Although the impact may not have kicked in fully across the country yet, cases like Luton and Croydon Councils show clearly where many are heading. In Luton, £22m of emergency cuts were introduced in July. In November and December, Croydon Council issued back-to-back ‘Section 114’ notices. These notices are made when financial projections effectively show that the annual expenditure of a council exceeds its income. They place significant restrictions on new spending, and practically result in council services being reduced to a statutory minimum (as was the case for Northamptonshire County Council in 2018). The impact on the communities we serve and on council employees as a result of these cuts is grave: vital children’s centres will be closed, urgent school repairs cancelled, and new charges introduced, for instance, for the collection of green waste, impairing our ability to tackle climate change.
Neither Luton nor Croydon are unique. Many other authorities have already signalled the possibility they may also issue Section 114 notices, and all councils face drastic decisions. Of course, we know that it is Labour councils hit hardest. In June the Guardian reported that of the fifty councils most affected by cuts, 28 are Labour-led, 14 in no-overall-control, two led by the Lib Dems – and just six by the Tories. Underlying this political vendetta is the reality that poorer areas are losing out most.
As Labour councillors we are all too aware of how the Tories have defunded local government, gutted local democracy, and cynically tried to pin the blame on councils and councillors. However, it would be wrong to claim that Labour councils have been vigorously campaigning against these cuts. In some cases, they have effectively championed them, and in none have they shown enough fight. Shameful examples like Tower Hamlets’ mass fire-and-rehire plans – resisted by union members with strikes and demonstrations backed by the borough’s CLPs – demonstrate clearly a chasm between what our party should be doing, and what elements of our local government leadership are doing.
In 2018, our Labour leadership in the LGA launched the Councils at Breaking Point campaign, with three simple and essential demands: rescind the planned 2019 cuts, provide an emergency £4bn extra for children’s services and adult social care, and implement a plan to restore funding to 2010 levels in four years. It was a good first step, rightly highlighting where blame should lie and amassing good media attention.

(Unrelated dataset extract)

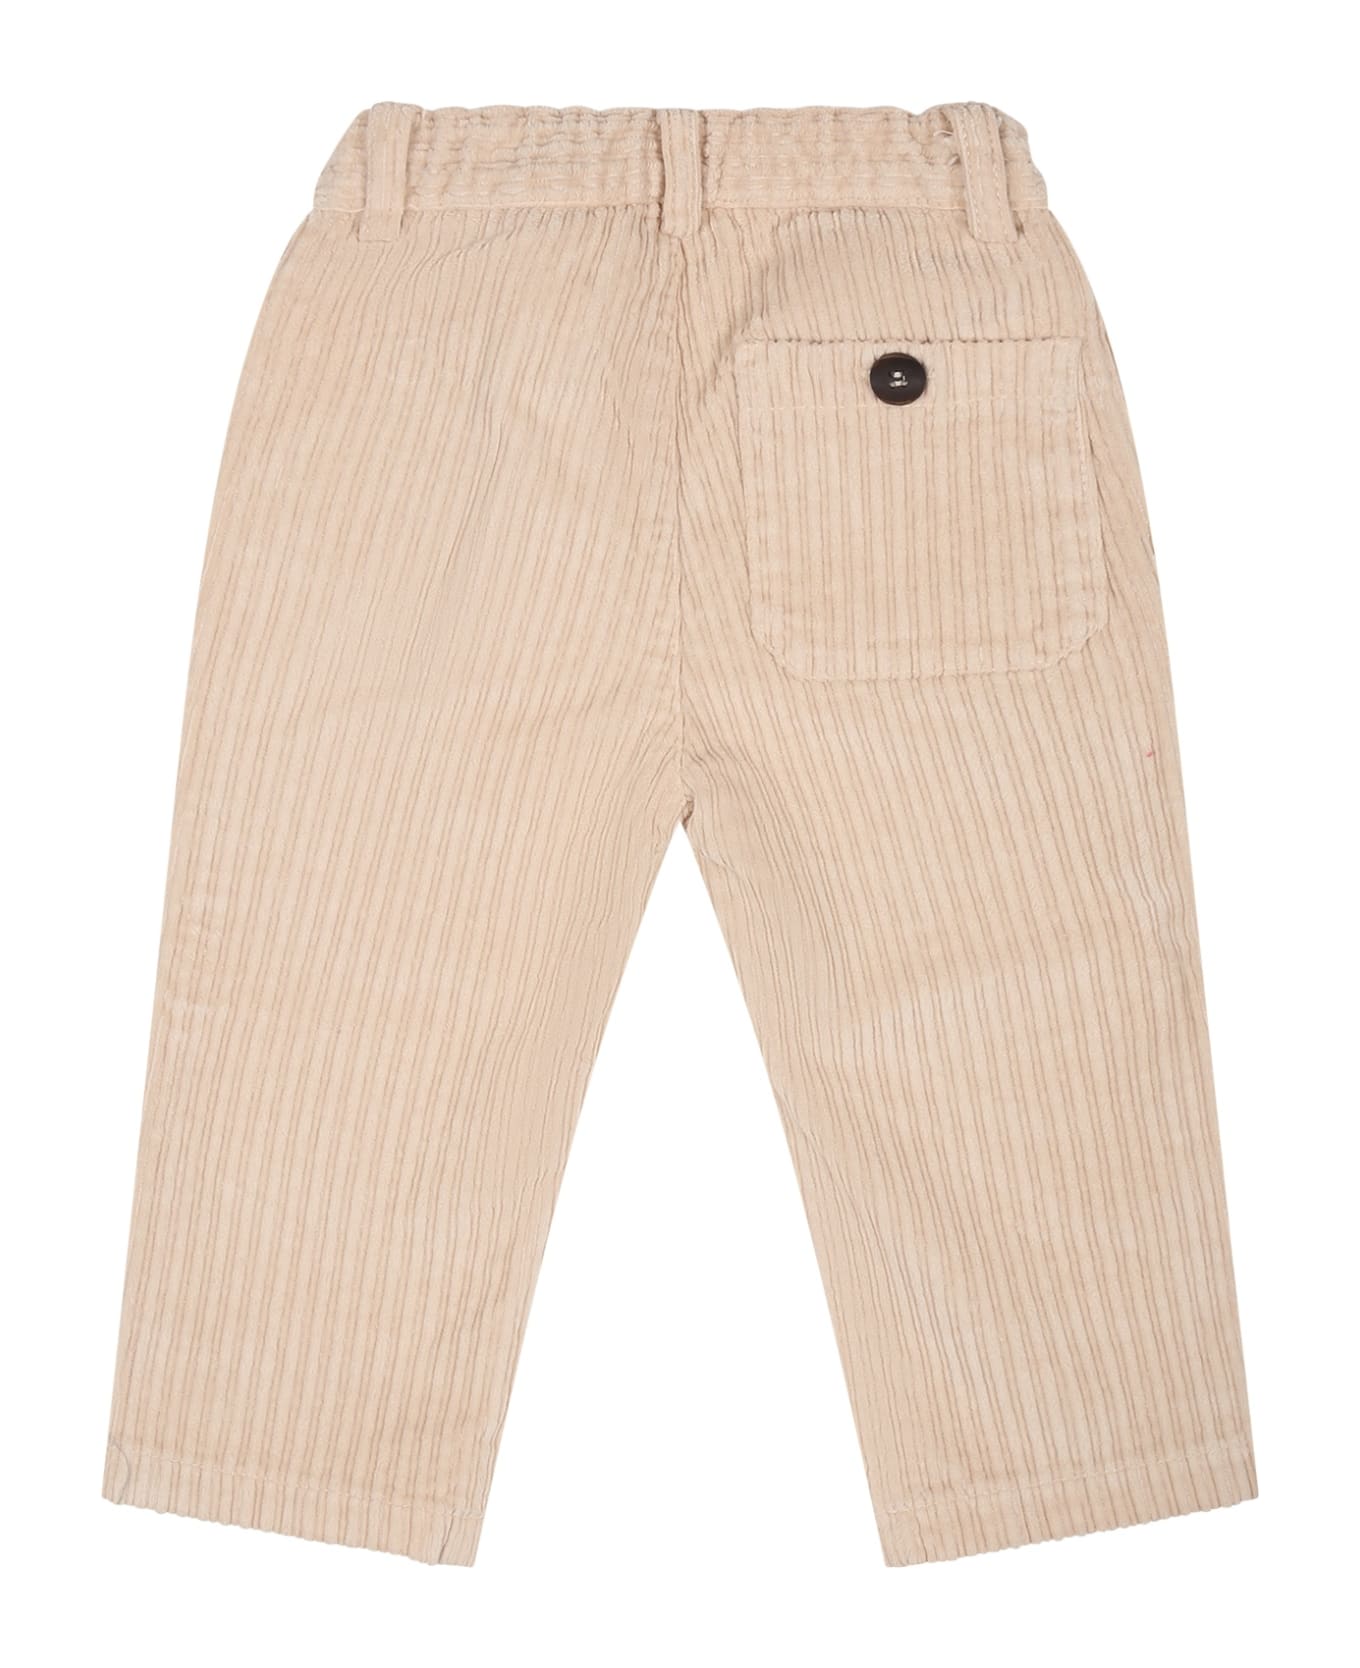 Zhoe & Tobiah Beige Trousers For Baby Boy - Beige

Yet this campaign was abandoned. A series of councils passed motions; but this was no substitute for organising among our local Labour Parties and union branches, nor taking the fight out into our communities. Instead of taking these next steps, Breaking Point literally stopped within months.
Two years on, the situation is even worse – and yet we have near-silence from the party nationally and from our councils. If our council leaders and the wider party were vocally expressing similar demands to those of Breaking Point, we would be in a better position now. But if we are to force major concessions from the Tories, and win any lasting changes, a serious fightback is necessary, with coordinated action from council workers, party activists, the wider labour movement, and a concerted drive to take the arguments to the public.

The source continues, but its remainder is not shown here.